One dashboard, one story. A service dashboard should answer "is this service healthy?" at a glance — the classic RED metrics: Rate, Errors, Duration.
Alert on symptoms, not causes. Alert on "users are seeing errors," not "CPU is at 80%." High CPU might be fine; user-facing errors never are.
Every alert needs an action. If no human needs to do anything, it shouldn't page — make it a dashboard, not an alert. This prevents alert fatigue.
Use variables so one dashboard covers all hosts/pods instead of copy-pasting panels.

7. Try it in the lab

Open Grafana at 10.100.100.4, go to Explore, pick the Loki data source, and run {job=~".+"} to see what's flowing in from across the lab.

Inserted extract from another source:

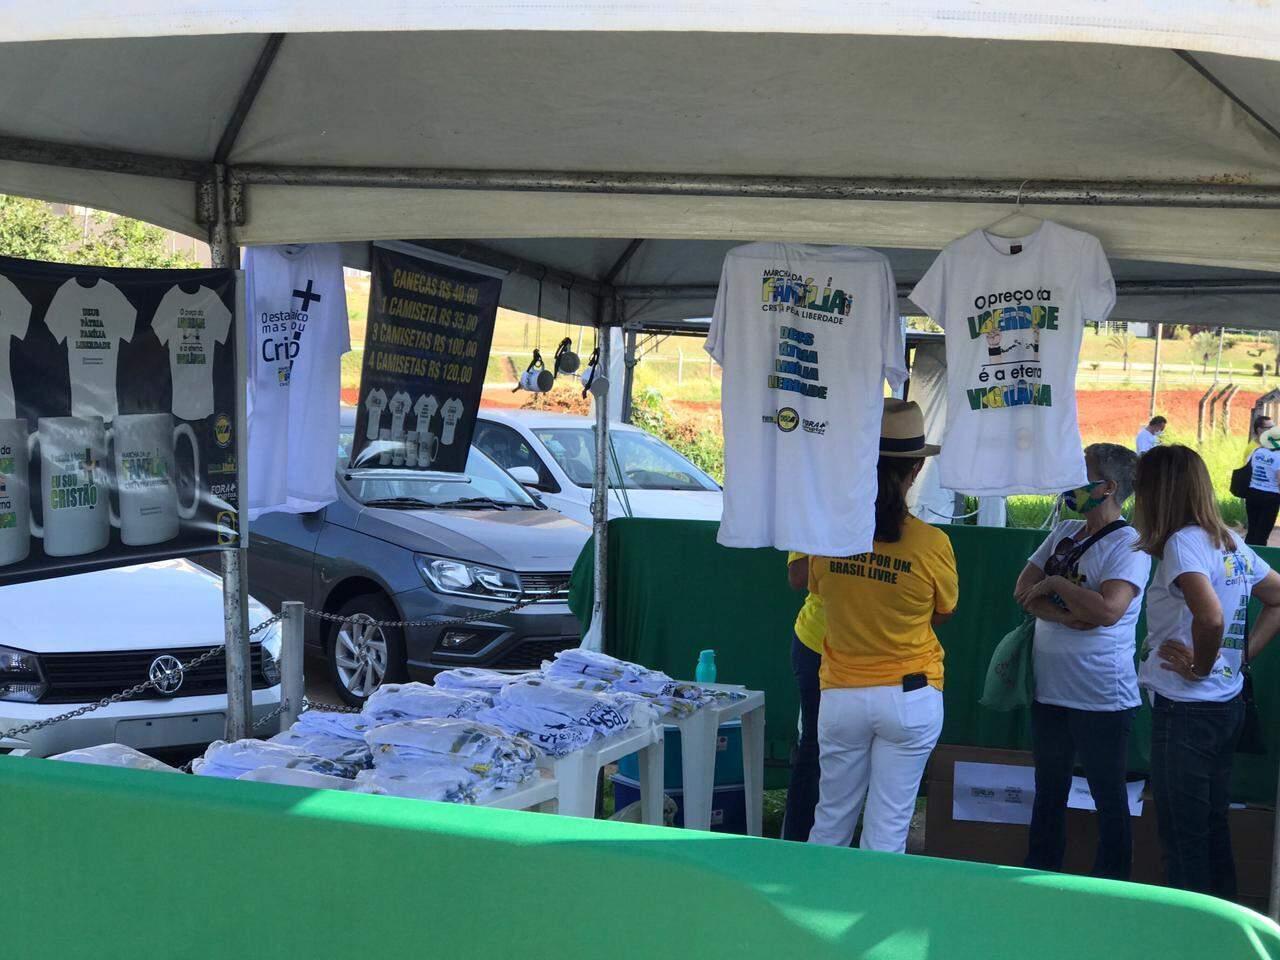 Barraca com vendas de camisetas. (Foto: Ana Paula Chuva)

Then pick a host label and narrow down. That five-minute exercise is the heart of everything in this module.

Dig deeper

Search terms

grafana create dashboard panel tutorial
grafana explore logs loki
grafana alerting rule contact point notification policy
RED method rate errors duration dashboard
grafana data source configuration
logql query examples grafana

Check yourself

Why is it accurate to say "Grafana stores no telemetry of its own"?
What three things does every panel need?
What is Explore best used for, compared to a dashboard?
In an alert rule, what is the purpose of the "for" duration, and what problem does it prevent?
What does "alert on symptoms, not causes" mean, and why does it reduce alert fatigue?